I always feel crummy for them. The disappointment that I know I'm inevitably handing over to some students always tempers what an otherwise happy day of completion.
12 May 2003
Transitions
This is always a tricky time of year for me, because I'm going from an established routine to a situation where my schedule is totally total free form. I always find those sorts of switches to be quite difficult. Unfortunately, I tend to sputter and not use my time very well for a few days before I get reorganized.

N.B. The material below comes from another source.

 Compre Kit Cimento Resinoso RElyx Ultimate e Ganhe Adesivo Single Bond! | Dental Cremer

Considering how tight things have been for the last couple of months, though... I think a bit of sputtering around to reorganize might not be entirely unwarranted.
Among the mess of things on my plate are writing grant applications, organizing a symposium at this summer's Animal Behavior Society meeting, finishing manuscripts from my Melbourne work, and, of course, doing entirely new research.

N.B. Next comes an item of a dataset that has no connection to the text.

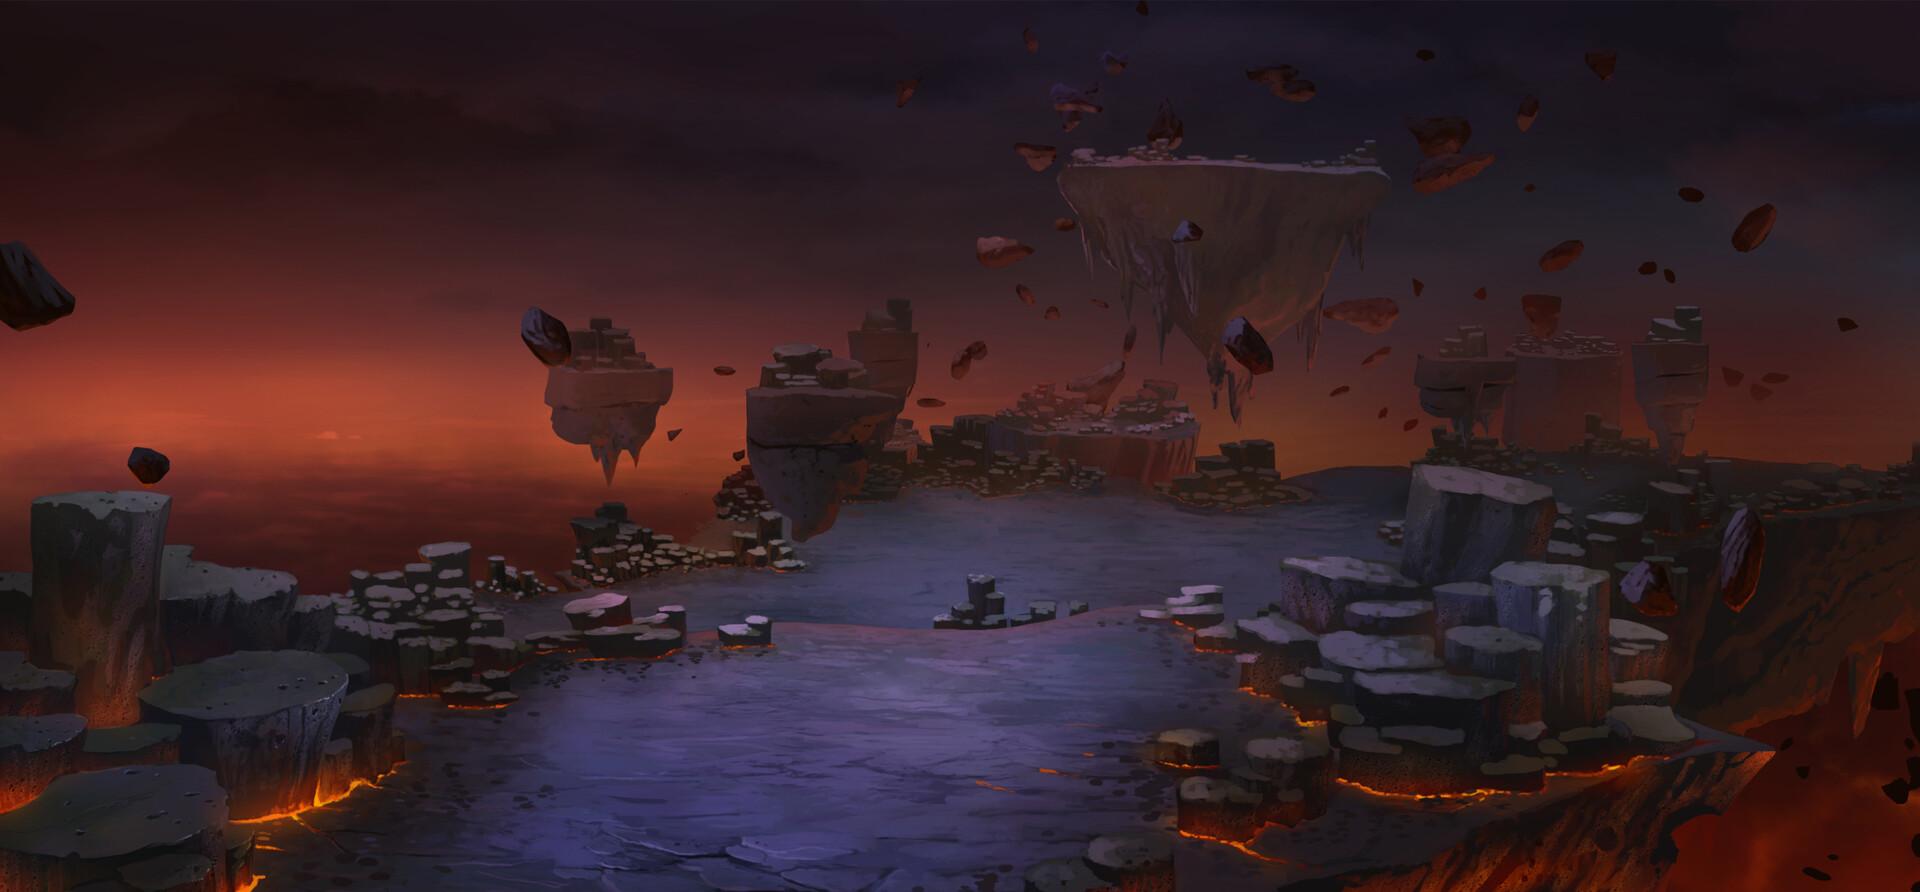 Underworld (Skylanders Academy)

Scary thing? Based on some conversations I've had Friday with our College Dean and today with our Department Chair, it looks like they're interested in getting me involved in preparing a Howard Hughes Medical Institution grant application. It's worth many hundreds of thousands of dollars... if you can get it. I'm a little nervous, because if I get involved in what's really a grant for the college... when will I find time to do the stuff I need for me?
06 May 2003
The end is near... end of semester, that is
In other news, our Department is putting in requests for new faculty positions. I got tapped to write up the justification for a position I had suggested (which is only fair, I reckon). I suggested we hire a developmental biologist.
In justifying the position, though, I was instructed to play up any possible “biomedical” aspect to the work. I didn’t suggest the position because I thought it was biomedical – quite the opposite, in fact. But in a few short paragraphs, I was able to work in a whole slew of buzz words. I started off mentioning last year’s Nobel Prize for Medicine was for developmental biology. Then I got on a roll.
“Cancer research!” “Spinal cord injury!” “Aging!” And I even brought in the big ace-in-the-hole new bite star: “stem cells.” OooooOOOoooh. AaaaAAAAaaah.
Writing it all made me feel like such a sell-out.